Luckily, Python 3 has introduced a number of features which can help developers be more explicit about what they’re expecting the code to do. In particular I’m going to mention the type system, enums, and named tuples (OK, these aren’t new to Python 3, but they fit in with this category and the type system in 3.5 adds some extra niceness).

Type Hints

PEP 484 introduced Type Hints, and they were added in Python 3.5 with some improvements in 3.6. I’m not sure of the ins and outs of the changes between 3.5 and 3.6, so all the code examples I’m giving I can only guarantee are 3.6 compatible, but they will probably work with 3.5, and if not the changes are should be minor.

Typing allows you to specify the types of variables and methods, so that a static typing checker can analyse if the parameters throughout your module are correct.
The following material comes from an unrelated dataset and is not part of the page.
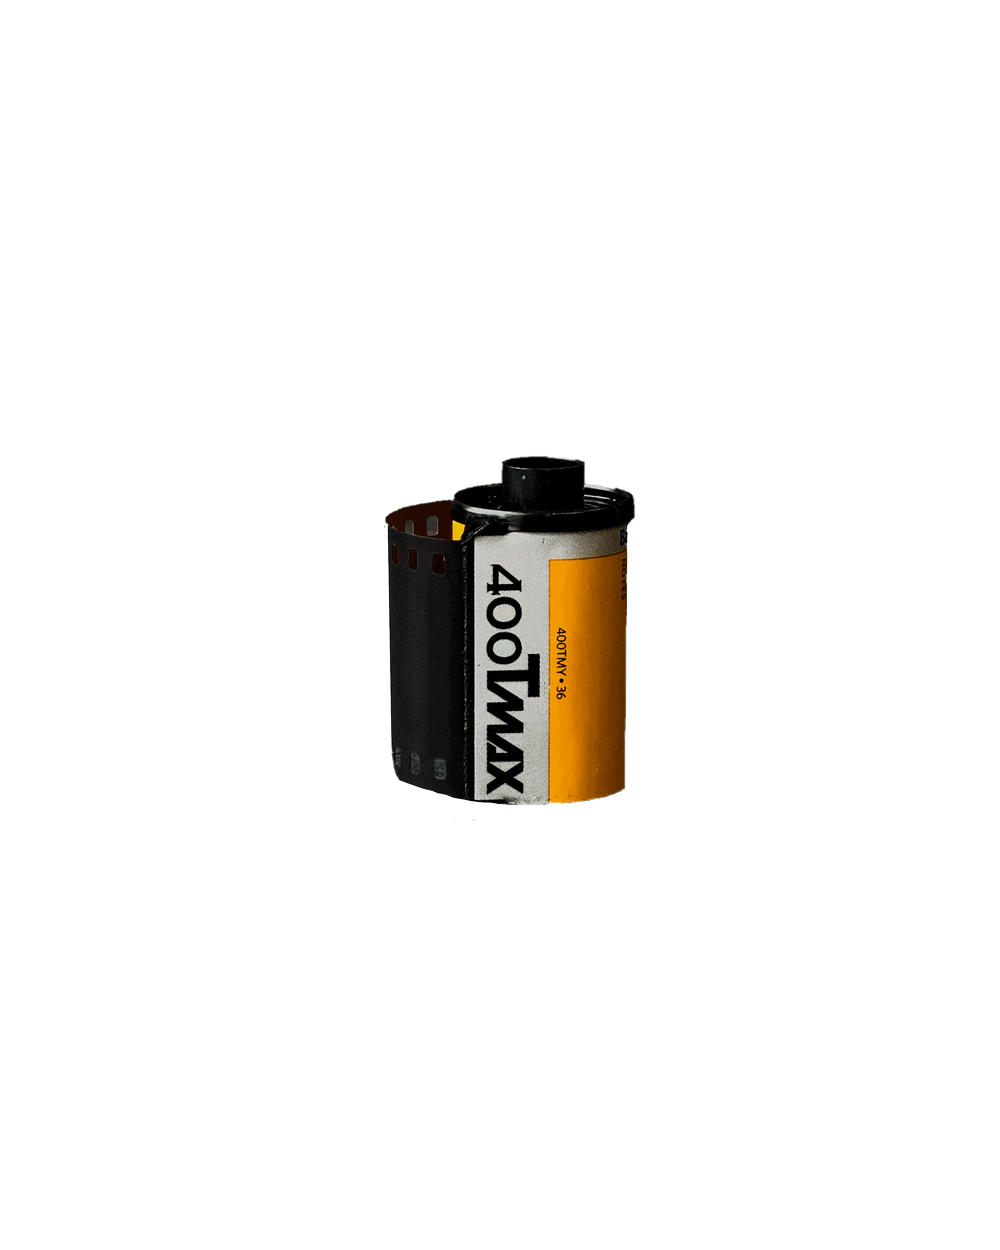 Midwest Photo Kodak Professional T-MAX 400 Black & White Negative

In my examples, I’m using mypy to validate the types.

Let’s take the classic “say hello” example, first with no type annotations.

def say_hello(person):
    greeting = "Hello, {0}".format(person.name)

    print(greeting)

If you read the source code of the method, because it’s so short, it’s obvious that the person argument must be some kind of object with a “name” attribute; if it were longer or we only looking at the name of the method, or there were more branches that we needed to check, this might not be so obvious. I’m using simple examples here people! Anyway, let’s say a naïve programmer uses it like this:

say_hello("Ben")

Well, there’s no syntax error, it should run fine:

$ python scruffy_examples.py
Traceback (most recent call last):
  File "scruffy_examples.py", line 7, in 
    say_hello("Ben")
  File "scruffy_examples.py", line 2, in say_hello
    greeting = "Hello, {0}".format(person.name)
AttributeError: 'str' object has no attribute 'name'

As (un)expected, it fails at run time because the wrong type of variable is being passed in. Now let’s add some type hints. The syntax of these hints are similar to Swift or TypeScript, and are fairly simple to understand.

def say_hello(person: Person):
    greeting = "Hello, {0}".format(person.name)

    print(greeting)

The extra code is : Person, and it tells the type system that the argument must be of type Person. Now when we run the script:

$ python scruffy_examples.py
Traceback (most recent call last):
  File "scruffy_examples.py", line 12, in 
    say_hello("Ben")
  File "scruffy_examples.py", line 7, in say_hello
    greeting = "Hello, {0}".format(person.name)
AttributeError: 'str' object has no attribute 'name'

What?! Didn’t we fix it?

Kind of. The Python type hinting system is just that: hints. They aren’t enforced by the Python interpreter. This is where mypy comes in, it can analyse your whole Python project and show you any type issues before runtime. Running it on the script gives:

$ mypy scruffy_examples.py
scruffy_examples.py:12: error: Argument 1 to "say_hello" has incompatible type "str"; expected "Person"

We can fix this up:

say_hello(Person("Ben"))

And to our amazement it works fine now:

$ python scruffy_examples.py
Hello, Ben

And mypy will run with no errors, and a successful exit code.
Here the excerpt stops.